§ **Task**
Retype the whole listing below exactly, keeping every picture out of it.

§ **Provided data**
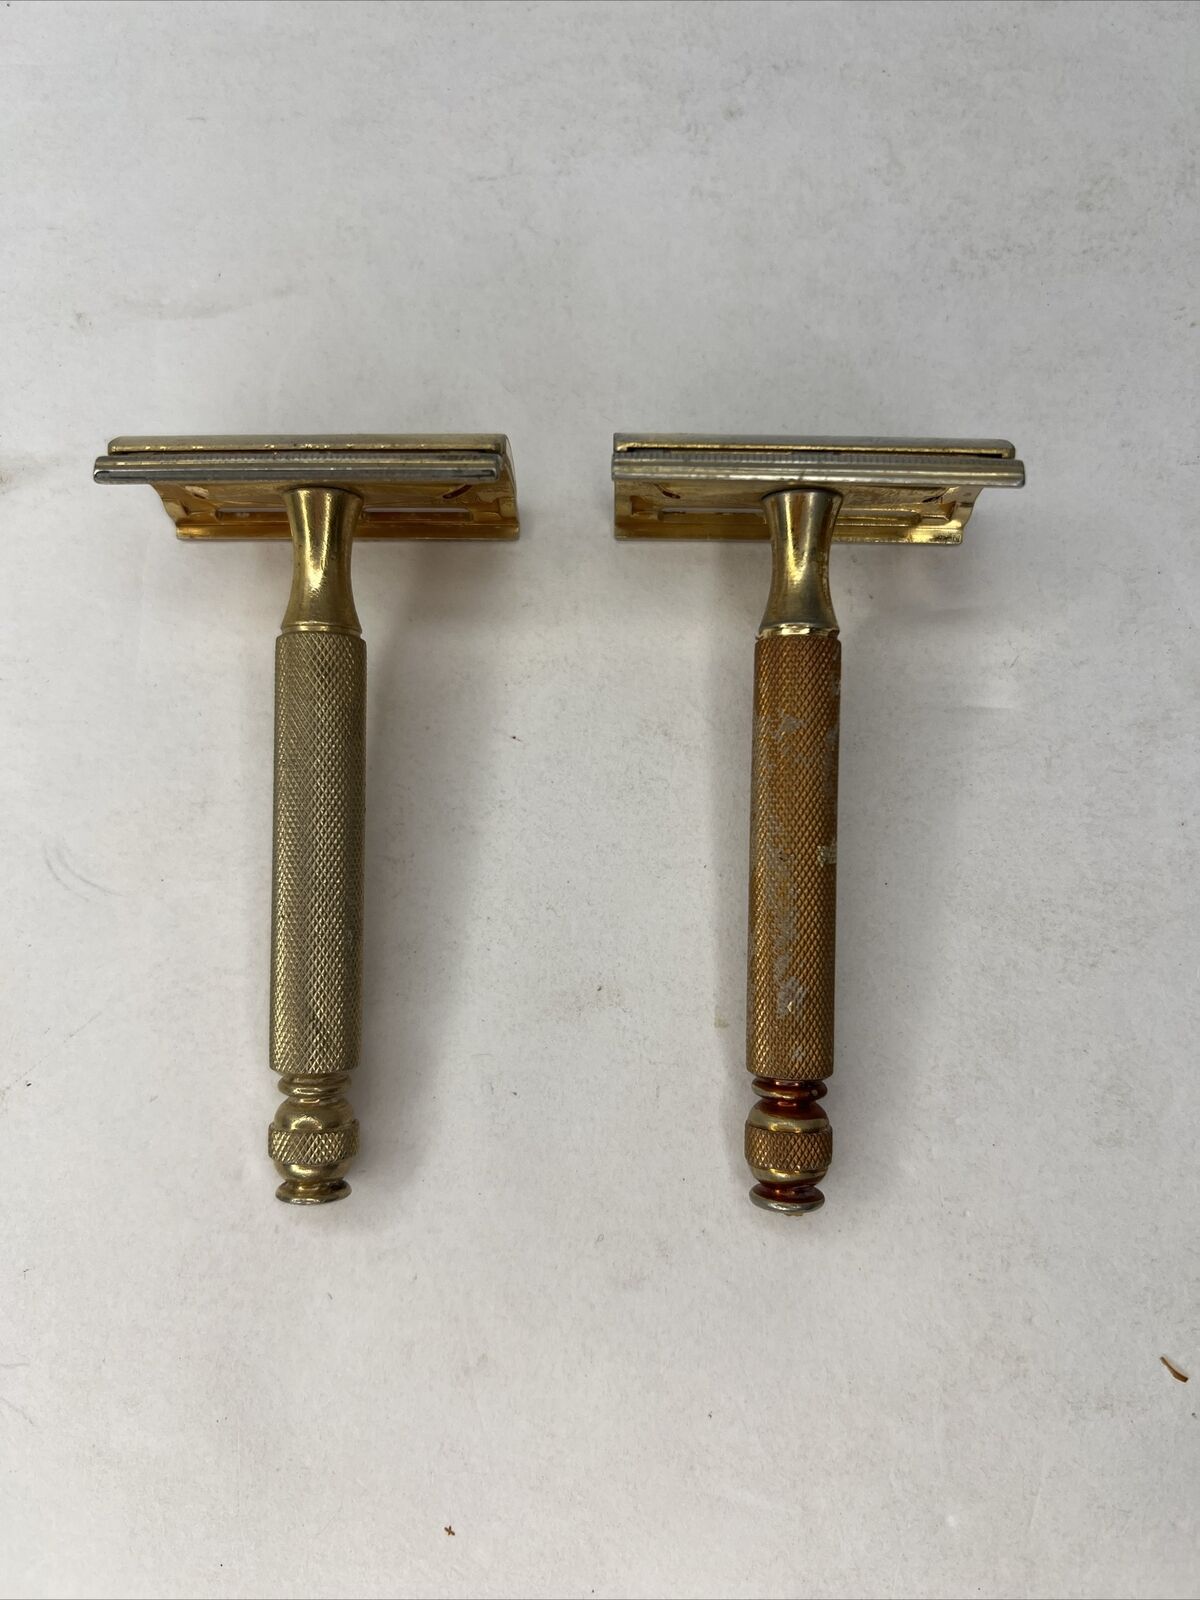 Lot of TWO: Vintage Gillette Safety Razors - Brass Double Edge Razors
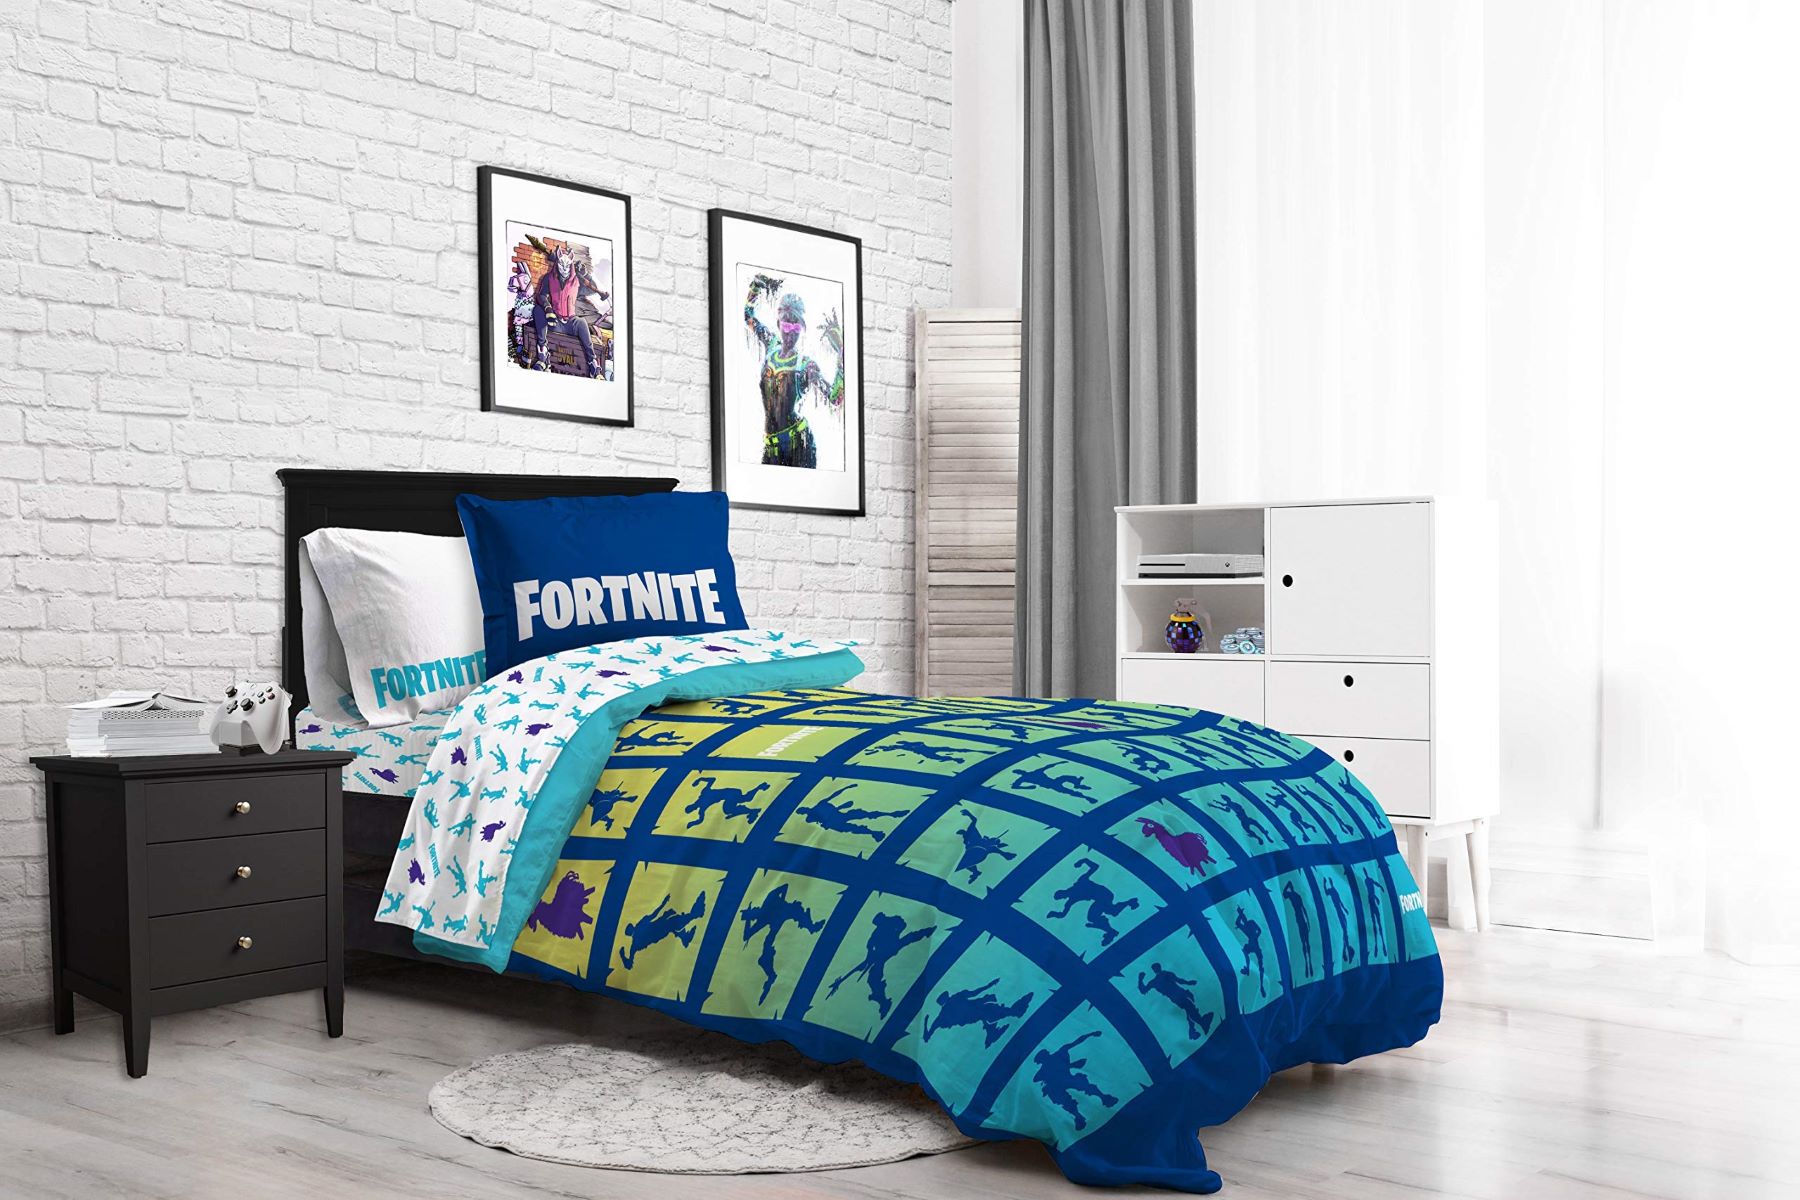 How to Create a Fortnite-Themed Bedroom
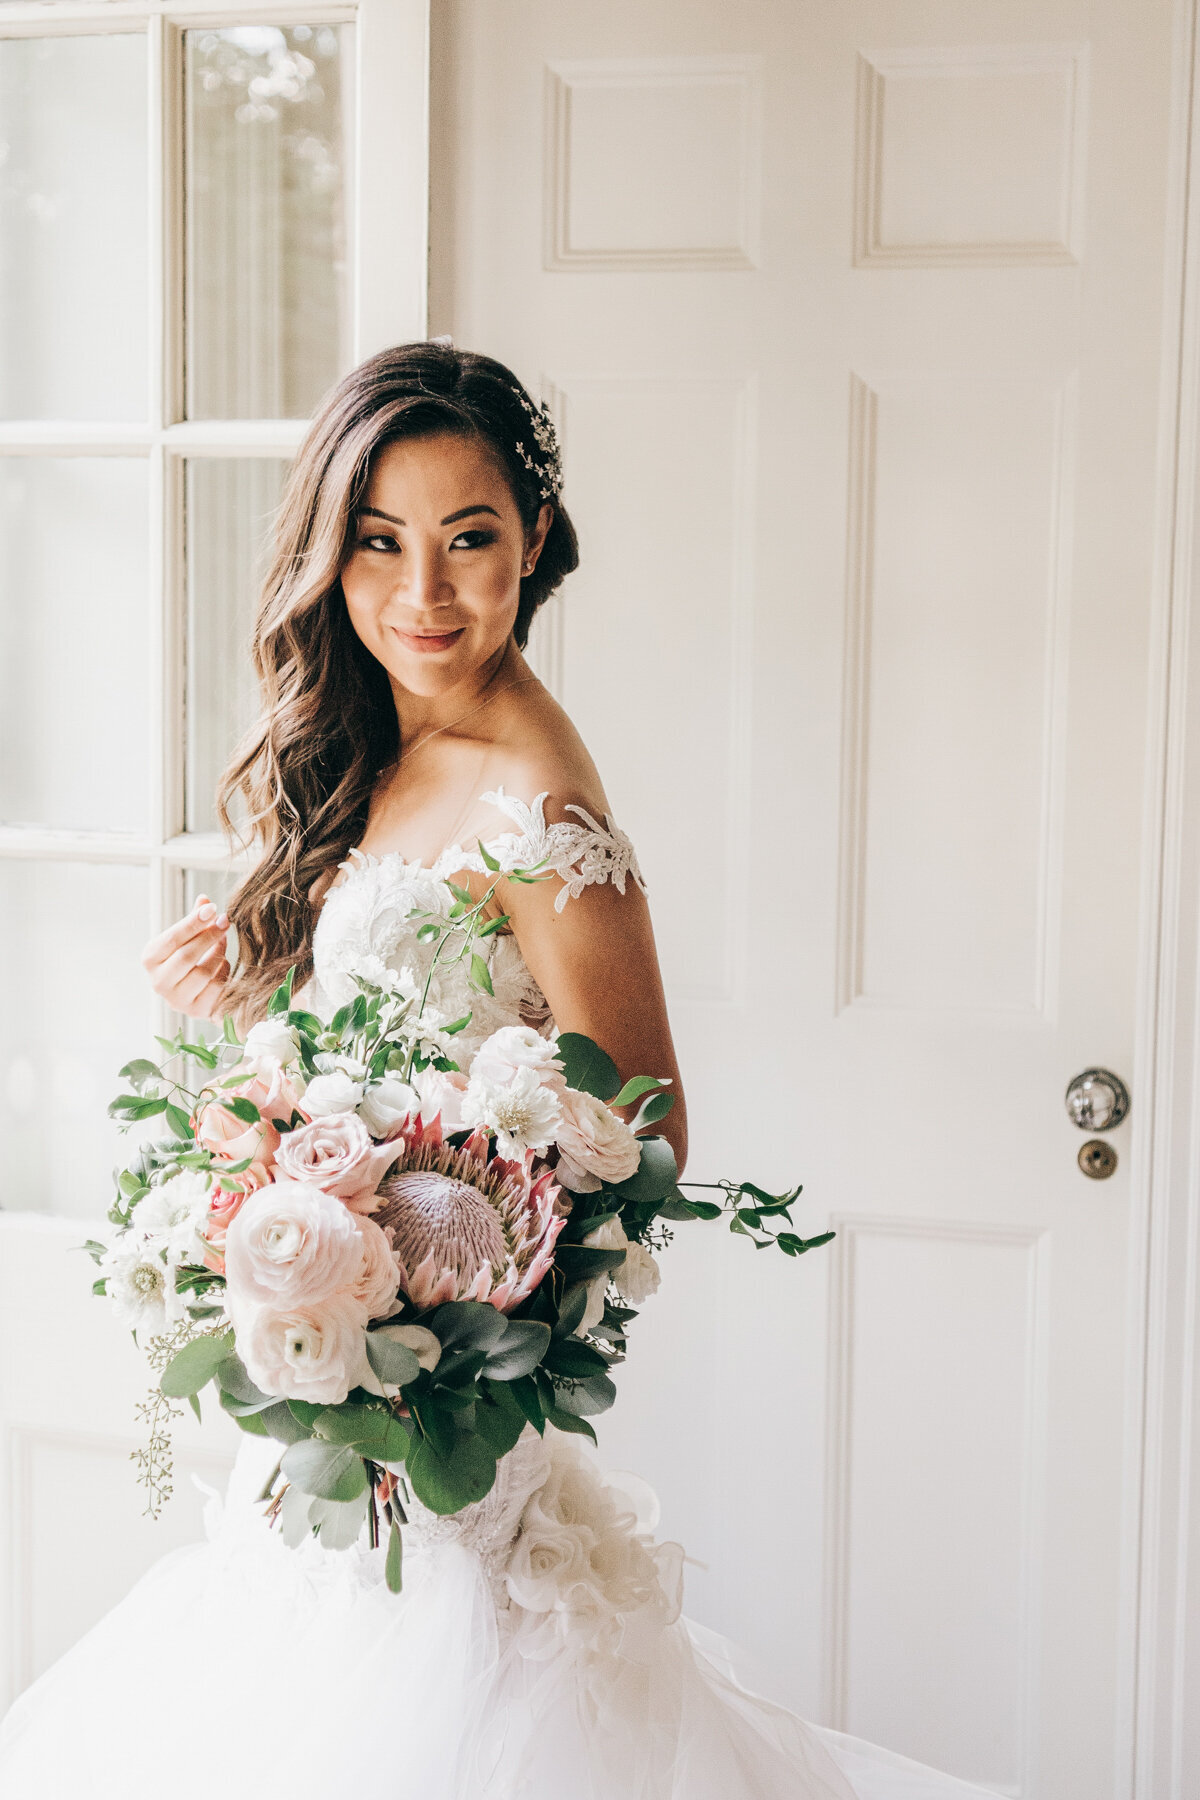 Glamorous portrait of bride holding pink and white bouquet
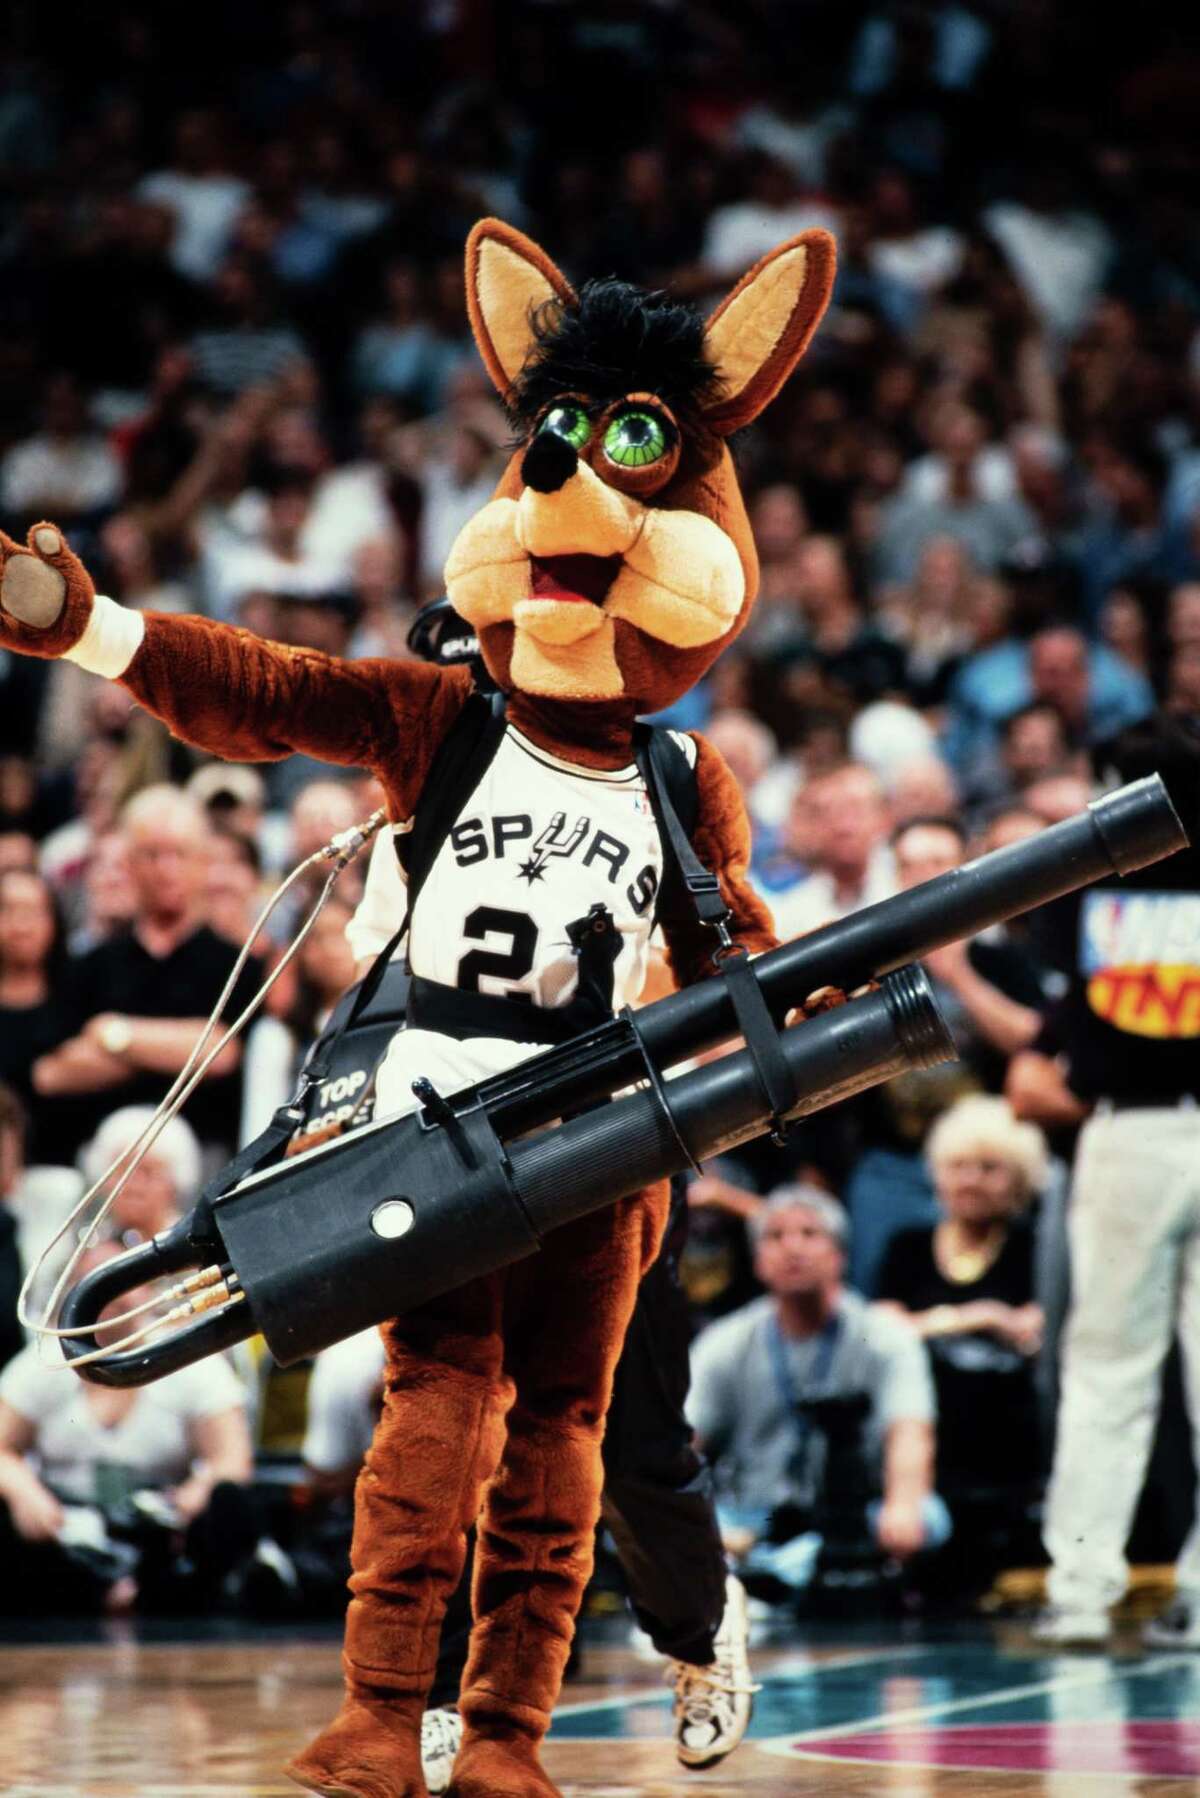 Tim Derk as the Spurs Coyote, shoots a T-shirt into the stands during a game with an early iteration of the T-shirt cannon. Derk appeared at more than 1,110 Spurs games from 1983 to 2004 and was instrumental in the development of the T-shirt cannon, the propulsive device that is now ubiquitous at most sporting events.

§ **Completed task**
 Lot of TWO: Vintage Gillette Safety Razors - Brass Double Edge Razors
 How to Create a Fortnite-Themed Bedroom
 Glamorous portrait of bride holding pink and white bouquet
 Tim Derk as the Spurs Coyote, shoots a T-shirt into the stands during a game with an early iteration of the T-shirt cannon. Derk appeared at more than 1,110 Spurs games from 1983 to 2004 and was instrumental in the development of the T-shirt cannon, the propulsive device that is now ubiquitous at most sporting events.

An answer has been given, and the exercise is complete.